What is the earliest moment when a Python object is eligible for garbage collection and finalization?

Take this program:

import weakref

class Spam:
	def __init__(self):
		weakref.finalize(self, lambda: print("finalized"))
		self.x = 5

	def spam(self):


Of course CPython will first print ‘5’ and then ‘finalized’, but is it permissible for an alternative implementation to do otherwise?

No, because although it’s not held in any variable, there definitely has to be a temporary storage for in progress computations - the stack or registers. Those hold a strong reference to the Spam object, then when the method accessed a reference to that (which then has a reference to the object). Only after the method has finished being called could the reference be dropped.

Failing to have strong references to temporaries would make an implementation exceptionally broken. Even something as simple as x = [] could then break, if the list was garbage collected before being assigned. If it was a generator or async function, then that object would need to somehow keep references also if it gets paused.

It is held in a variable, self. But that in itself may be insufficient. After the attribute lookup, the variable is not needed any more and might as well be discarded. I happen to know this is exactly the situation in Java. And sure, this makes writing native bindings for the JVM more tricky, but it seems it hasn’t collapsed under the weight of its own complexity just yet.

Is the Spam being held alive for the duration of Spam.spam guaranteed by something more tangible than ‘come on, that would have been absurd’? Is an explicit GC fence necessary in Python (and how to write it?), or is merely being held in a local variable like self sufficient to keep an object from being collected and finalized? Where is this documented?

Accessing the attribute Spam().spam creates and binds a method that references the instance as its __self__ attribute. In the call Spam().spam(), the self argument borrows the __self__ reference. After the call returns, the outer frame’s reference to the bound method Spam().spam is discarded. Since the method is no longer referenced, it can be finalized and deallocated at any time. The method object has the only remaining reference to the Spam() instance, which can be finalized and deallocated any time after the method is deallocated.

CPython uses a reference counting system that finalizes an object as soon as the reference count decrements to 0, with the help of a garbage collector that breaks reference cycles. Other implementations may use more sophisticated garbage collectors. It’s thus not a good idea to rely on __del__() for explicit resource management, as opposed to a with statement that calls an object’s __enter__() and __exit__() methods.
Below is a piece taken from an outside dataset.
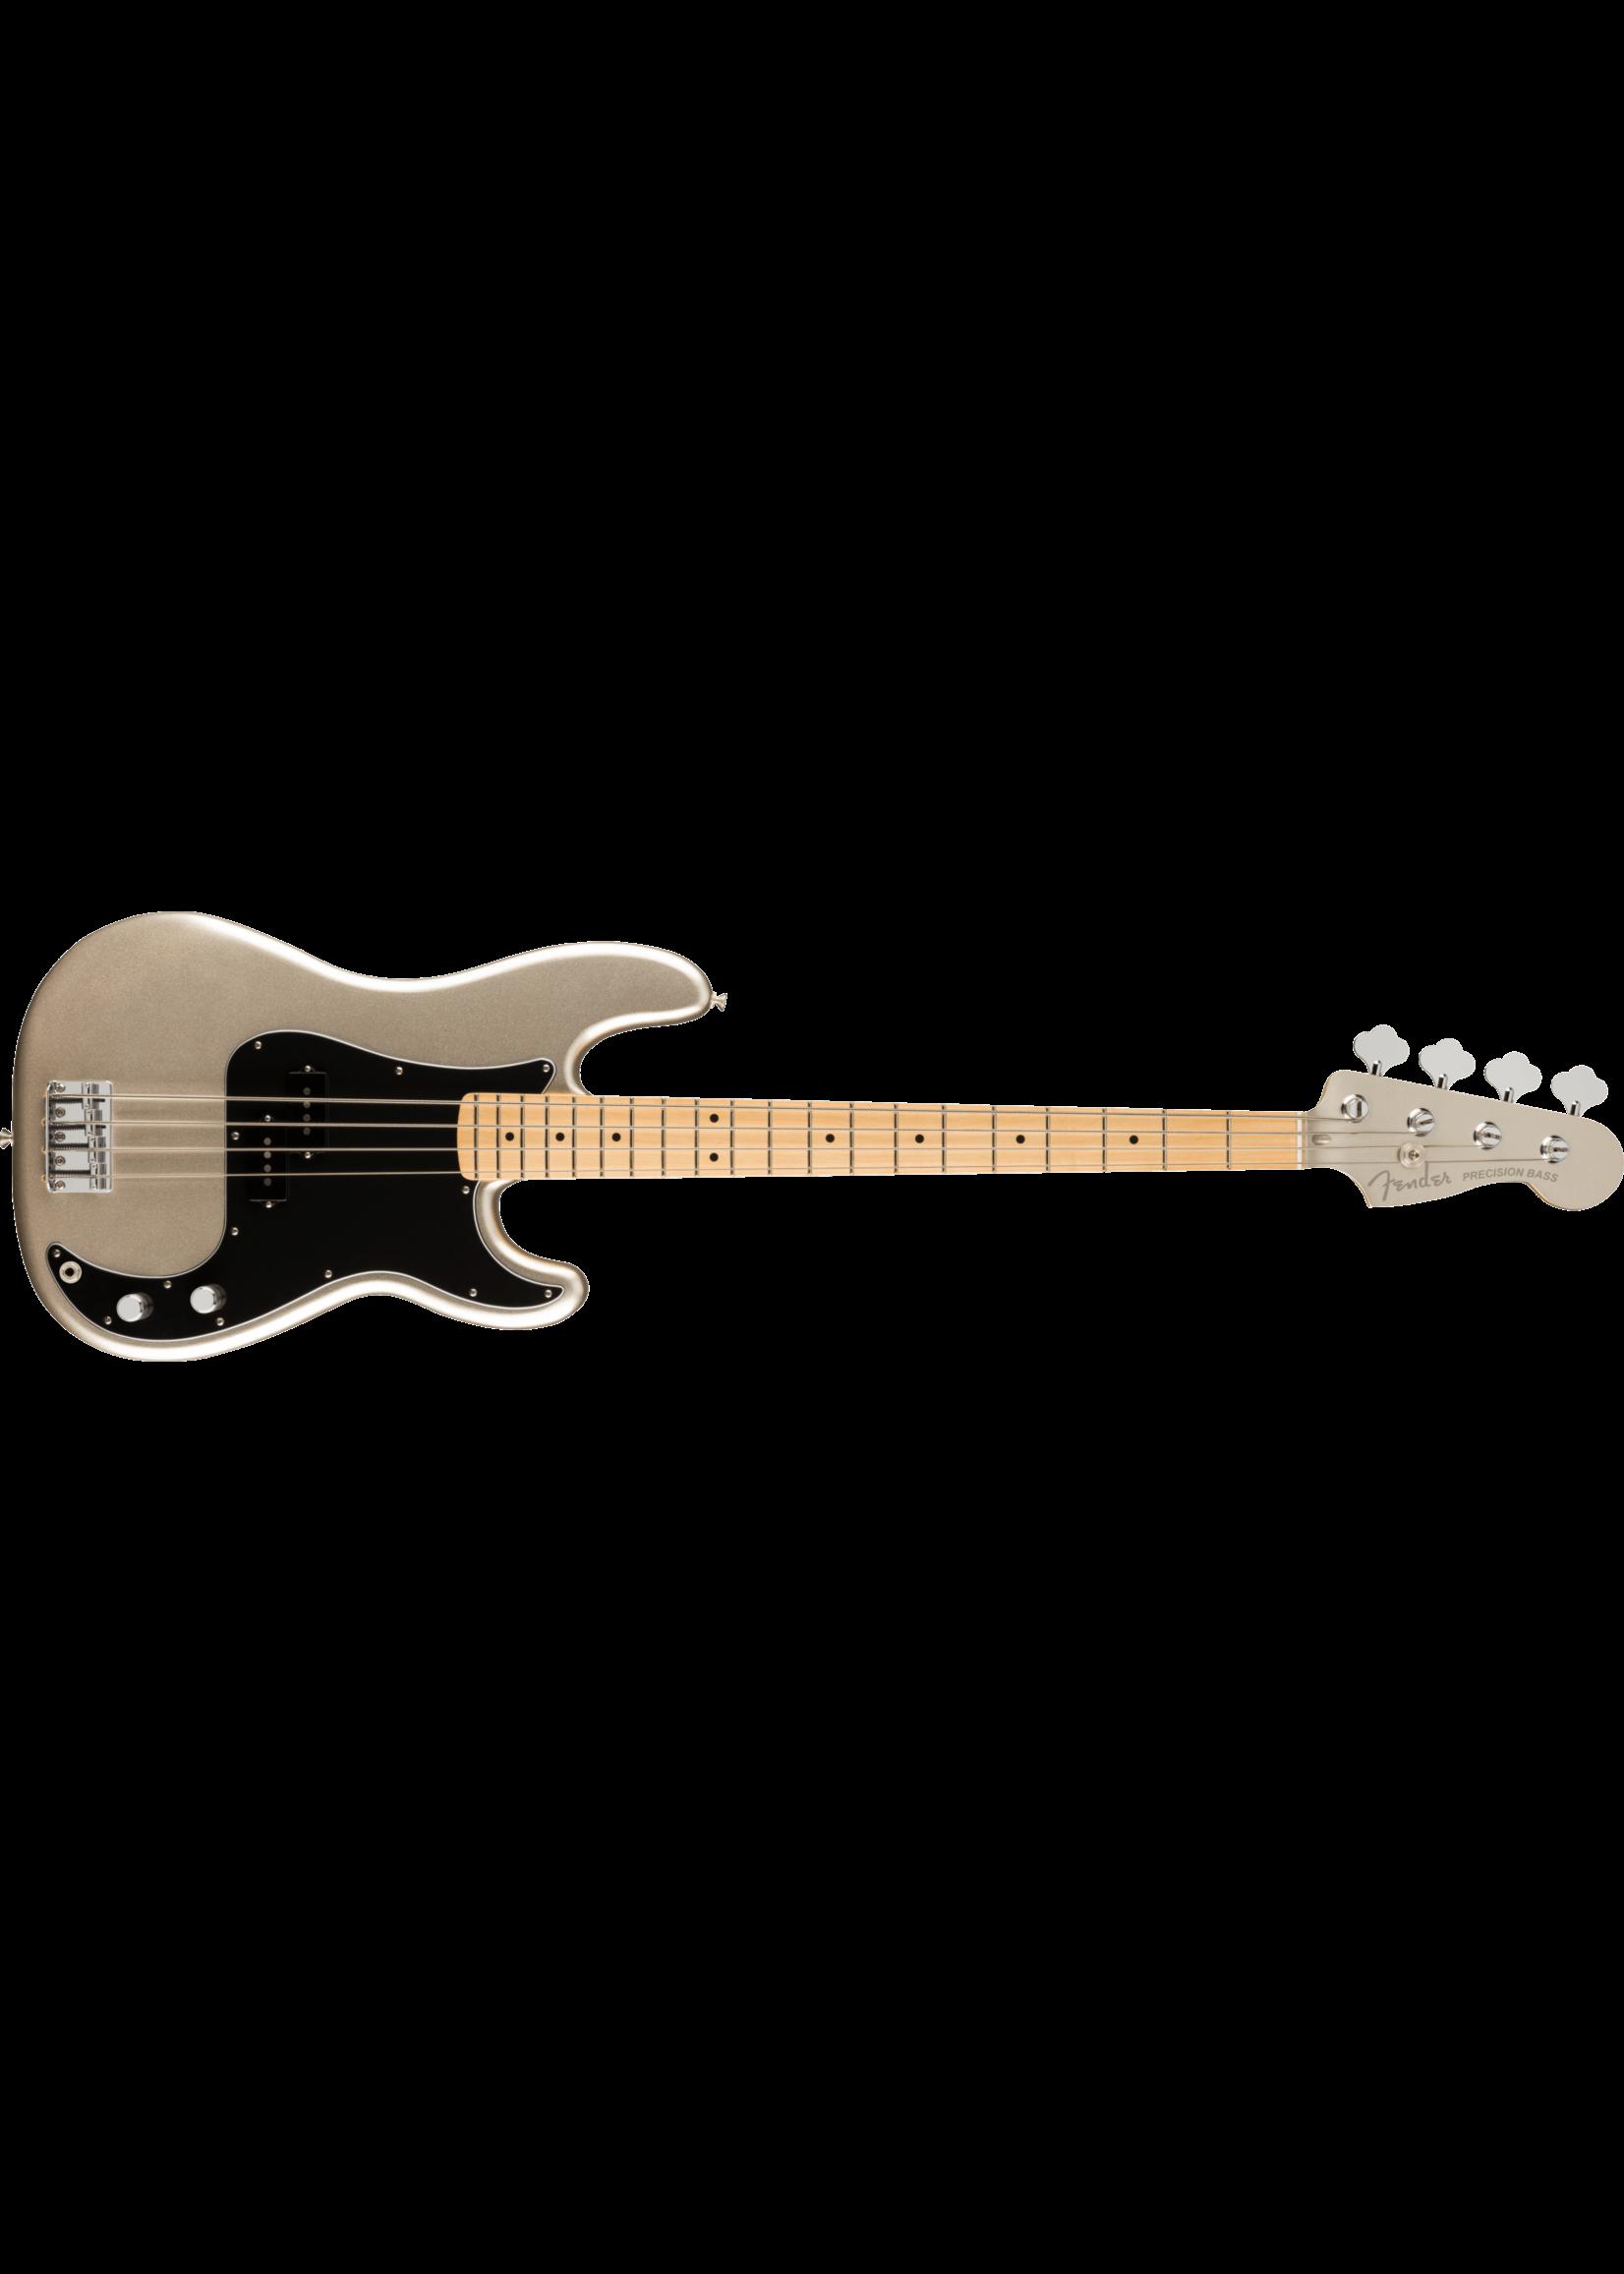 Fender Fender 75th Anniversary Precision Bass Diamond Anniversary

After the lookup the reference to the instance is discarded, but accessing a method on an instance actually creates a “bound method” object, which has a reference to the original function (__func__) and the bound object (__self__). Then when that is called self gets prepended. Once the call is complete, the reference to the method is discarded, which then drops the reference to the instance, which can then be finalized. As an optimisation direct method calls don’t actually create this method object, but that’s only done where it doesn’t change behaviour.

Unlike Java Python doesn’t have a detailed memory model, specifically how it behaves isn’t an implementation requirement including whether a GC exists. You can turn it off even via gc.disable(), CPython mainly relies on reference counting actually. The GC is only required to detect circular references.

Sorry, it is not clear to me whether you are referring to the Spam object itself (a class – remember that in Python classes are objects too) or the temperary Spam instance.

My guess is that you are referring to the instance created with Spam() rather than Spam itself. Is that correct?

I meant the instance yeah, though the stack/register is going to first hold a reference to the class to call it, then the instance, then the bound method.